Arrhythmogenic cardiomyopathy (ACM)
ACM is a primary inheritable myocardial disorder characterized clinically by a high degree of electrical instability and pathologically by fibro-fatty replacement of the ventricular myocardium. Though originally designated as arrhythmogenic right ventricular dysplasia, with increasing evidence of LV involvement, the term ACM is preferred. It has an estimated prevalence from 1 in 2000 to 1 in 5000, with regional variations. The actual prevalence may be greater as the diagnosis can be missed on clinical evaluation and even at autopsy. Typically, ACM is an autosomal dominant disease, largely due to mutations in genes that encode for desmosomal proteins, and hence ACM can be described as a cell-junction disease.
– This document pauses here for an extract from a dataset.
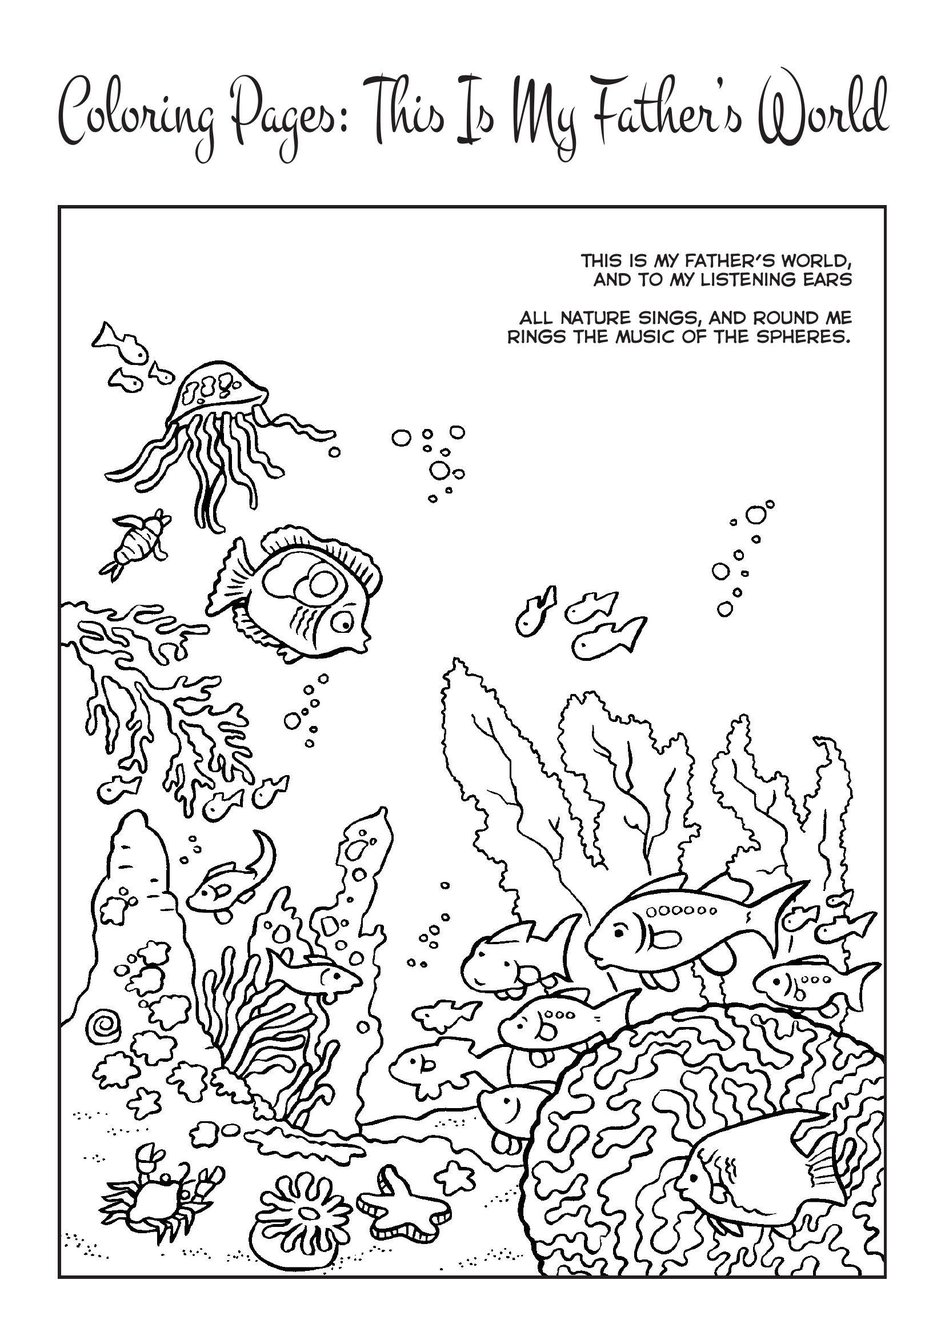 listening ears coloring page
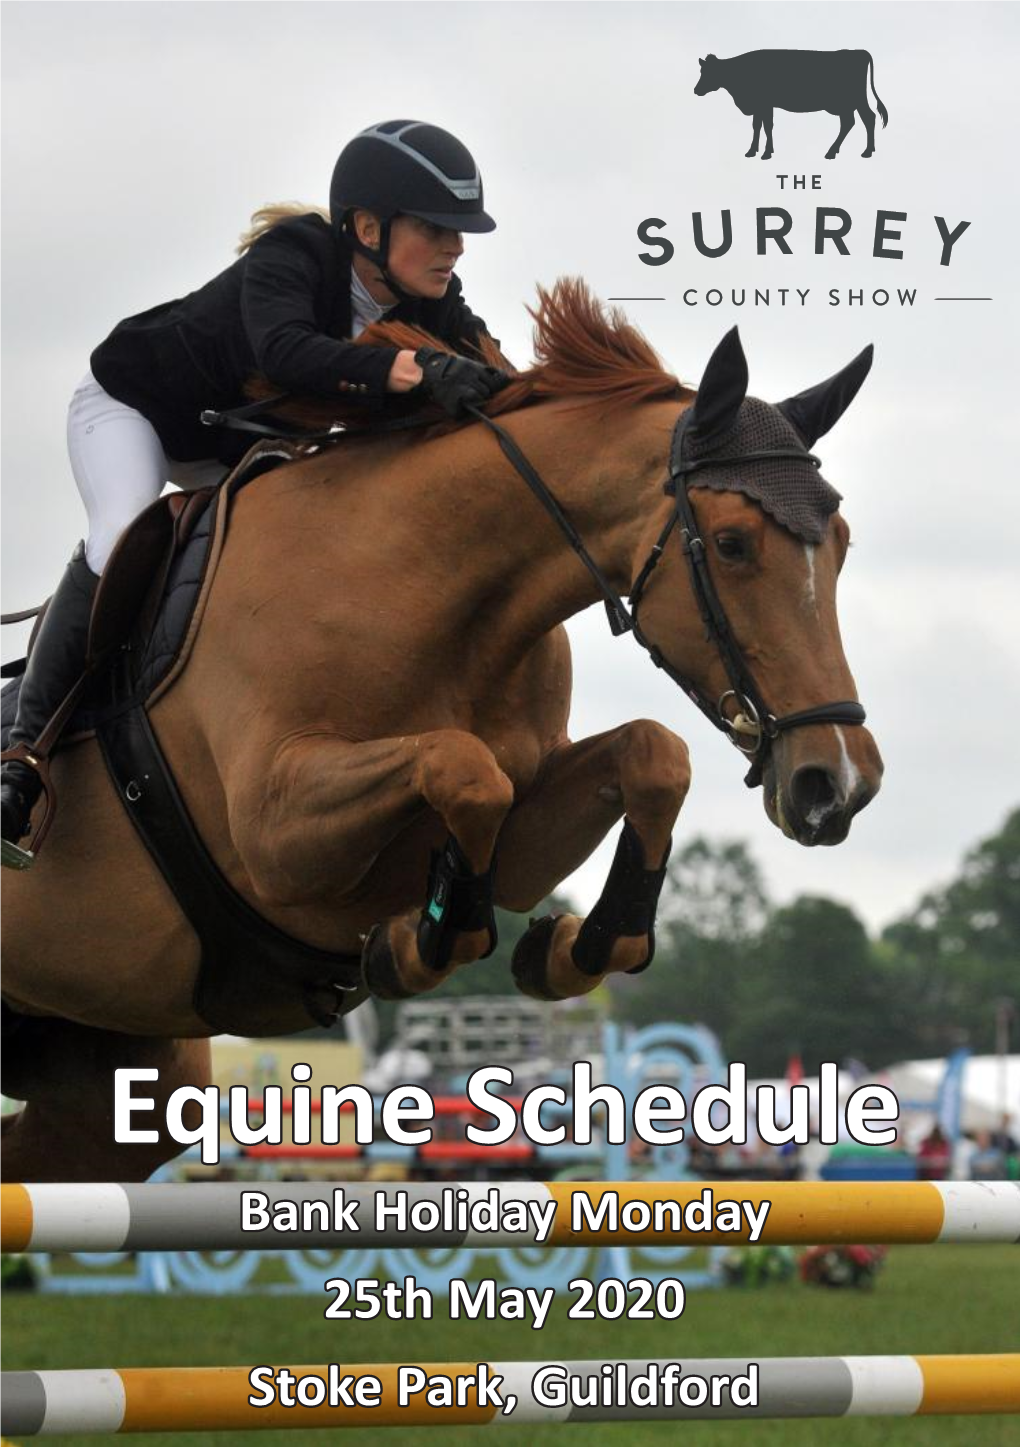 Equine Schedule Bank Holiday Monday 25Th May 2020 Stoke Park, Guildford 6 Vet General Equine Practice

These mutations are seen in over 60% of the affected persons, though there is an incomplete, often age-related penetrance and variable phenotype. Not surprisingly, ACM is infrequent in children and adults over 60 years of age. It may also occur as part of cardio-cutaneous disorders (Naxos disease or Carvajal syndrome), which are characteristically autosomal recessive. As with all other mutations, some of them can be sporadic and may on occasions involve nondesmosomal proteins.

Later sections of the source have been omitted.